Nabu kritisiert geplante Spreestraßen-Vollendung
Foto: Nabu | ideengrün | Markus Pichlmaier

Spreewitz. „Sensible Spreeaue darf nicht für Brückenbau geopfert werden“, sagt die Weißwasseraner Ortsgruppe des Naturschutzbundes Nabu mit Bezug auf den Spree-Abschnitt zwischen Spreewitz und Zerre. Dieses Bild hat sie mit einer entsprechenden Erklärung mitgeschickt, die sich in eine lange Reihe von Diskussionen zum Weiterbau der sogenannten Spreestraße einreiht.
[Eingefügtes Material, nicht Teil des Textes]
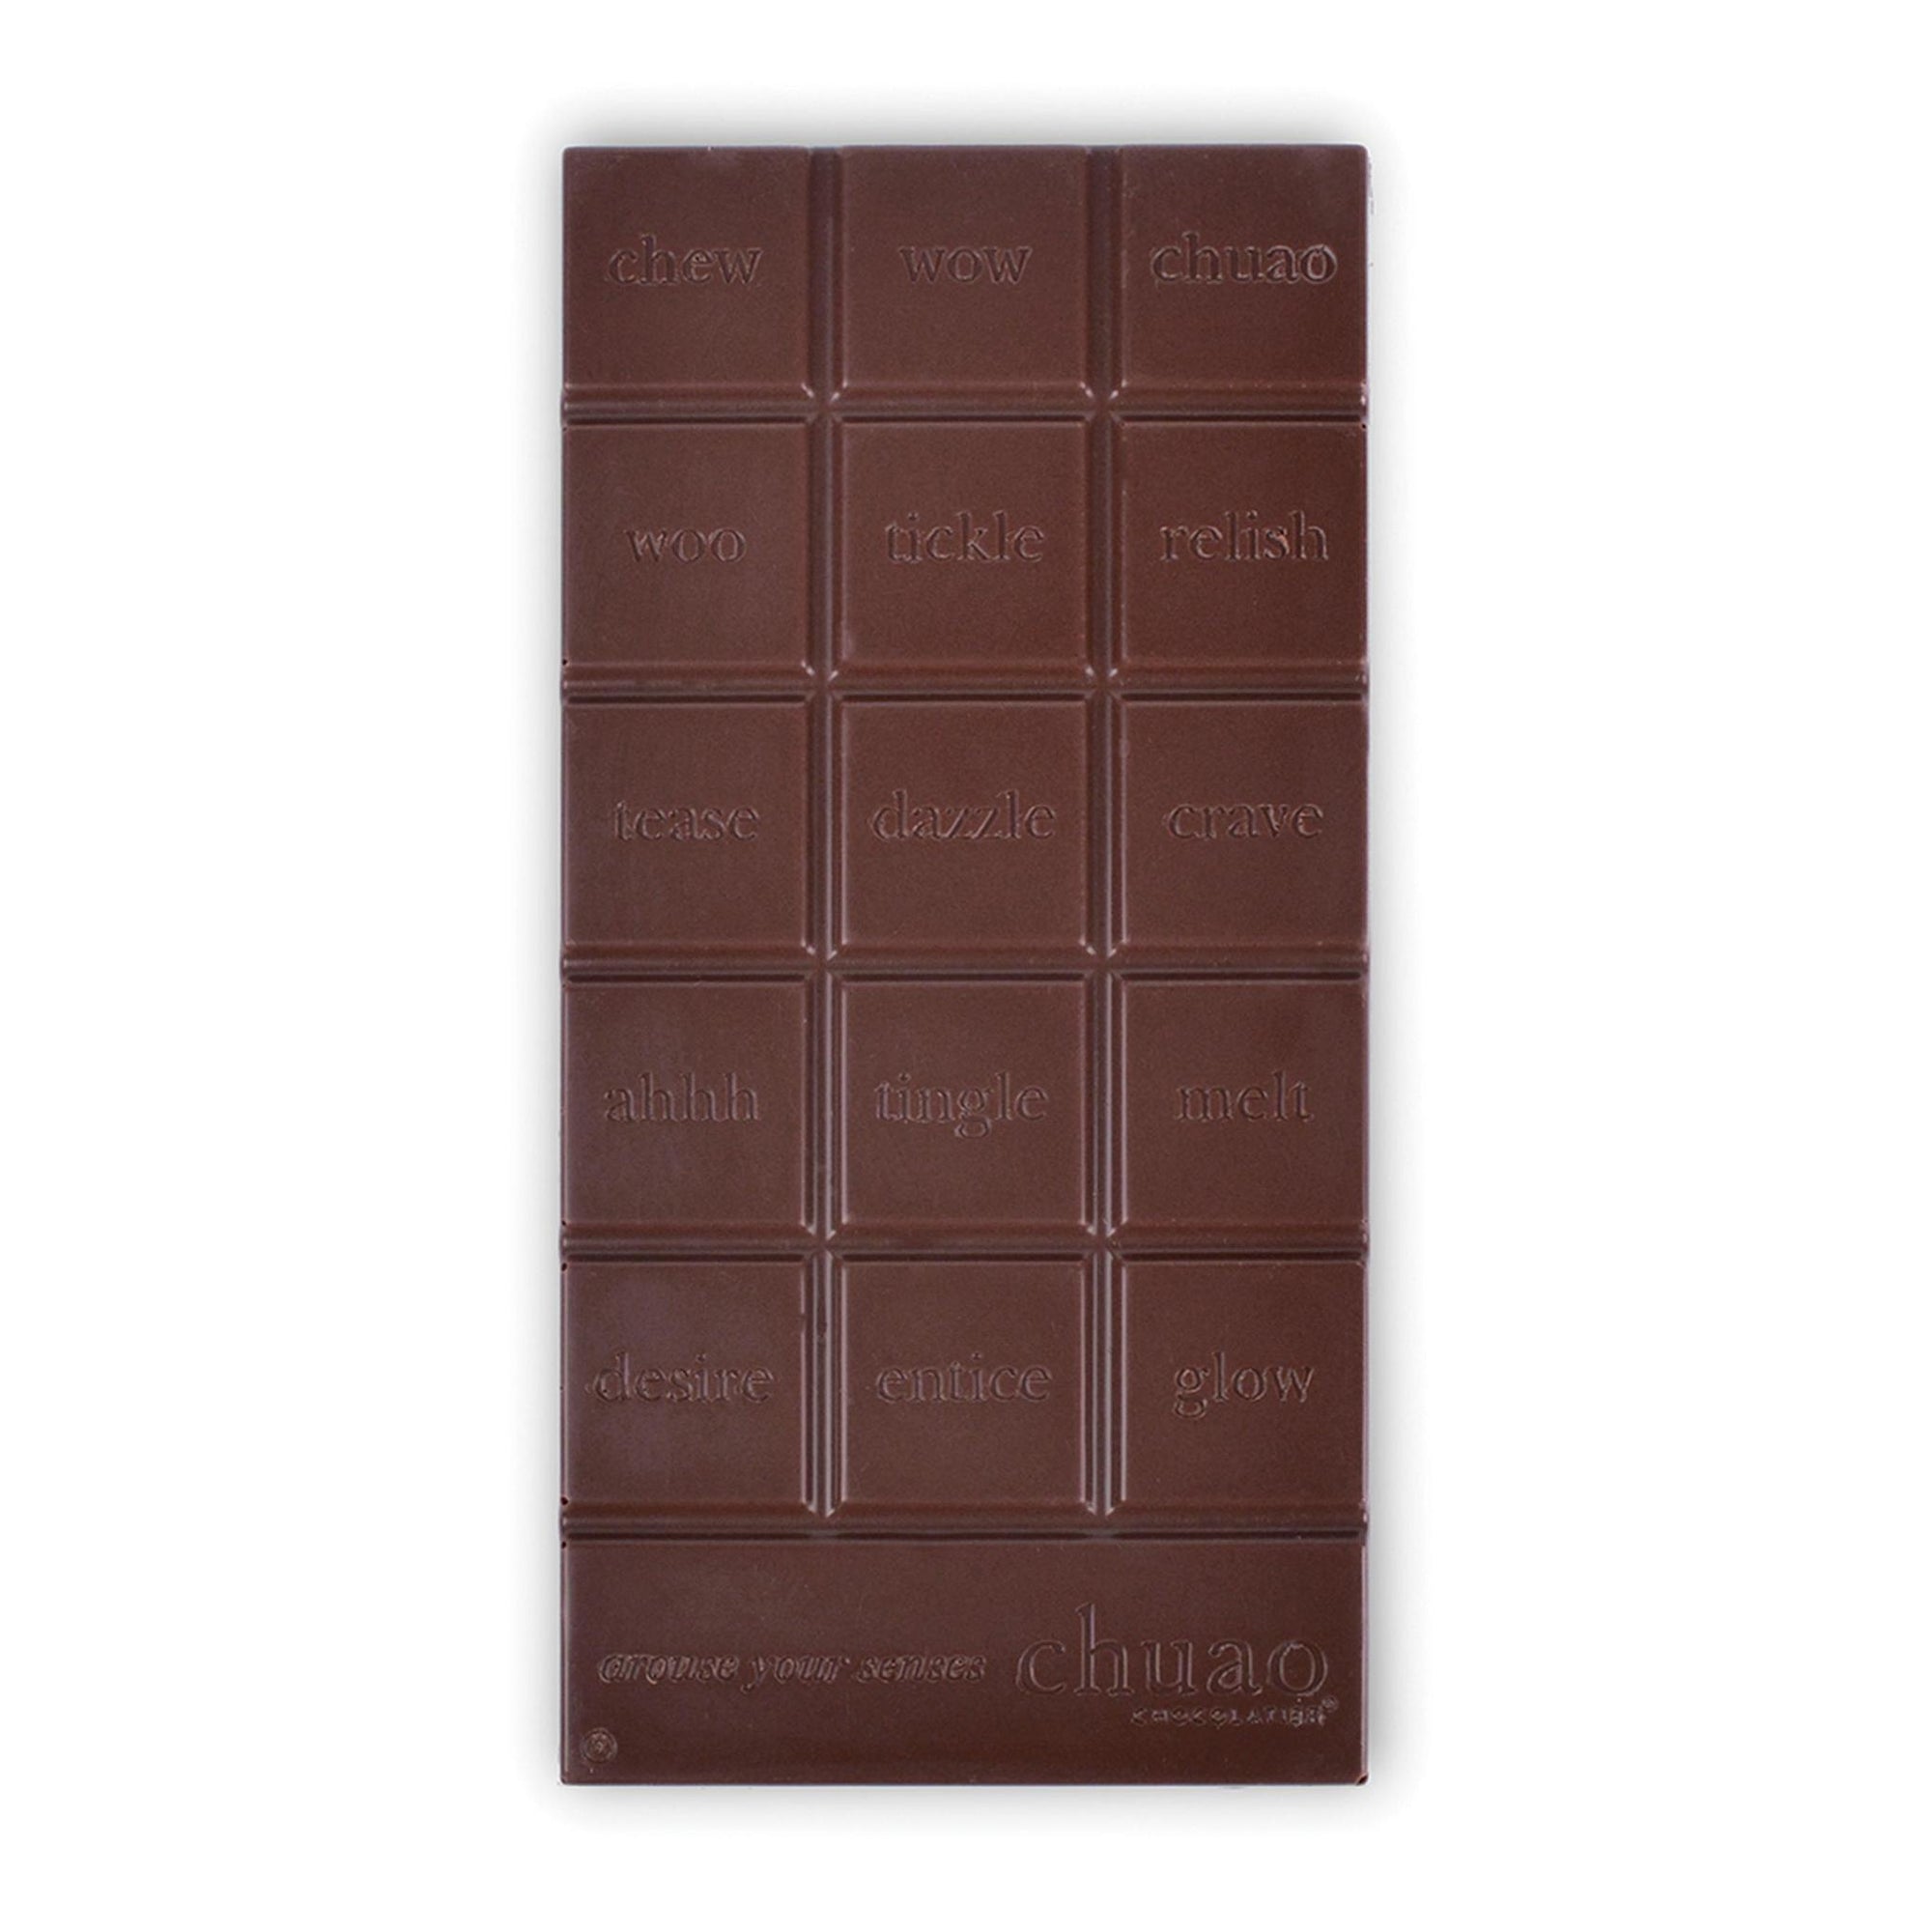 Chuao Chocolatier For the Love of Peppermint - Signature Chocolate Bar

Während jüngst im Spreetaler Gemeinderat der Ärger groß war, dass das Planfeststellungsverfahren für die Straße zwischen Neustadt/Spree und Spreewitzer Kreisel nicht zum Schluss zu kommen scheint, wiederholt der Nabu früher schon geäußerte Einwände anderer Umweltschützer: Landschaft, Flora und Fauna würden zu stark in Mitleidenschaft gezogen.

Insbesondere entzündet sich die Kritik an der Brücke, die im Zuge des Straßenverlaufs gebaut werden soll. Der Nabu sagt, man möge lieber die marode, nur eingeschränkt befahrbare Spree-Brücke in Spreewitz sanieren. Und für den Lastverkehr zwischen Schwarze Pumpe und Boxberg stehe ja eine gut ausgebaute, zweigleisige sowie elektrifizierte Bahnstrecke zur Verfügung. (red)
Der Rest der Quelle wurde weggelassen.